けど、体がある、という感覚はハッキリしている。
ふと、声が出る。
僕の声とは似ても似つかない声。
赤ちゃんの泣く声が響く。
すると、見たことのない女性が現れる。
アイリスを大きくさせた感じだ。
そこから導きだされるのは、
『アイリスの過去を追体験しているって事か』
心の中で呟く。
一応、もう1度、
『宝玉の力よ』
やっぱり、特に変化はない。
「その子だな」
「はい。アイリスと言います」
「私は守護者のダーツだ。よろしくな、アイリス」
30代くらいの男がアイリスを、僕を撫でる。
守護者と言っていたがなんの事だろうか?
時は流れてナガレテ、
「5歳のお誕生日おめでとう」
「おめでとう」
「おめでとう、アイリス」
お母さん、お父さん。
それと、守護者であるダーツに祝われる。
アイリスは好奇心旺盛な子だったようで、色々と調べてくれたおかげでわかることがあった。
まず、「守護者」について。
守護者は「預言者」を守る存在で、攻撃しても相手には効果が出ない。
ただ、守りに特化していて、守護者が近くにいる限り預言者には危害を加える事が出来なくなっている。
次に、アイリスの事を指す「預言者」について。
預言者は未来を見ることが出来る人の事を言い、この国には代々預言者が現れているという事。

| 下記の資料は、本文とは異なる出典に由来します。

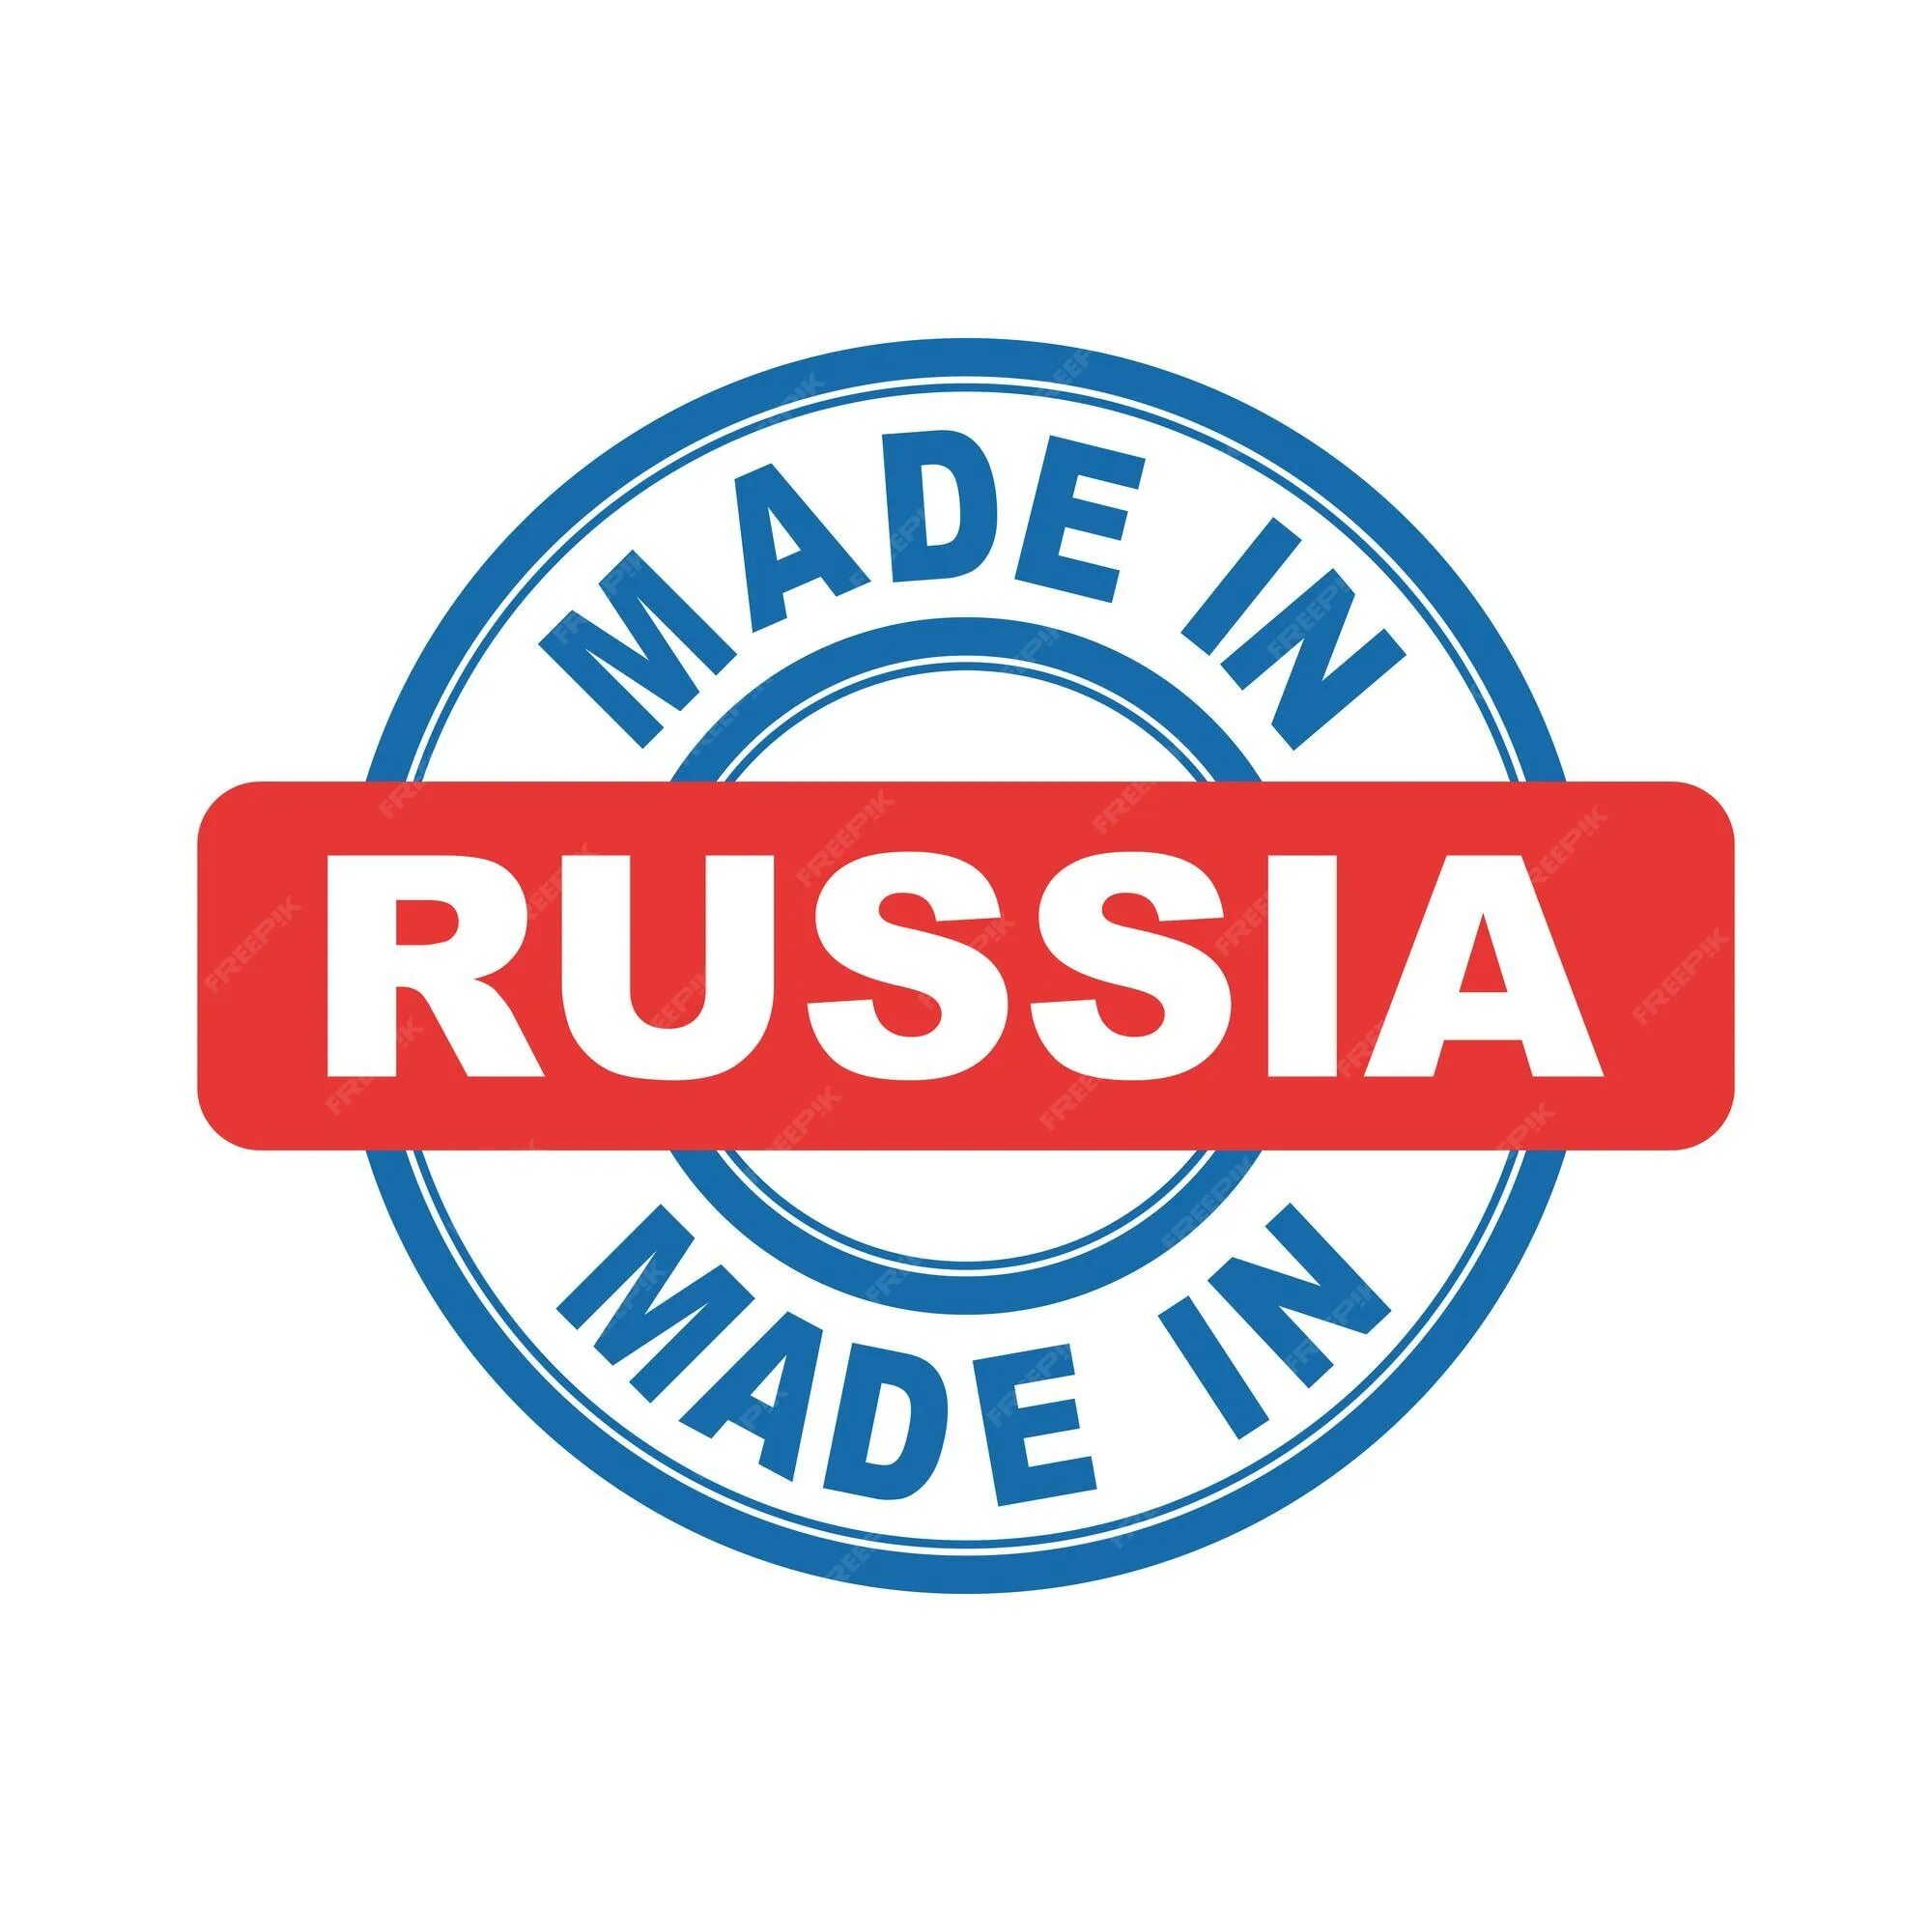 Сток раша. Сделано в России. Made in Russia печать. Надпись сделано в России. Сделано в России логотип.

そして、預言者は死の間際に次の預言者がどこに出るかわかるという。
最後に、預言者を軍事利用することは禁止されているという事。
その法を変える事は何人たりとも許されないという事も。
「アイリス。将来は何になりたい?」
「お姫様!」
アイリスはすぐに答える。
そして、
「いや、だ」
僕の口から、アイリスの口から悲鳴が上がる。
僕も未来を見た。
お姫様になれるか未来を確認したら、今から5秒もしない内に知らない人たちが家に入ってきて、
――――ガジャーンッ
「殺れ」
「「「はっ」」」
「や、止めて。お願い」
未来は変わらない。
それを未来視でわかっている。
わかっているけど、アイリスは叫ばずにはいられなかった。
が、アイリスの悲鳴に似た叫びは悲しく後の祭り状態。
「お母さん……お父さん」
なんの怨みがあるのか、ナイフや剣で何度も何度も突き刺されて命は途切れていた。
「いやだ。置いてかないで。お母さん、お父さん」
僕は、アイリスは涙を流す。
流して流して流す。
そしてふと、気がつく。
襲ってきた人たちが攻撃してこない、という事に。
見ると、アイリスを守る存在であるはずの守護者ダーツは襲ってきた人たちと話をしている。
その話がいい話ではないのをアイリスは本能的に感じ逃げようとするが、
「ドコニイクンダ」
逃がしてはくれない。
僕は居ても立ってもいられなくなったが、そんな気持ちも空しく何も出来ない。
何も出来ないまま時間だけが流れてナガレテ、
「次はどこに行けば古代遺産がある? 未来を確認しろ」
「……北、馬車で15日。山の山頂」
毎日、毎日、毎日、毎日様々な事を聞かれる。
軍の未来の為の古代遺産の場所から、私利私欲の為のどのギャンブルでどこに賭ければいいかなど様々だ。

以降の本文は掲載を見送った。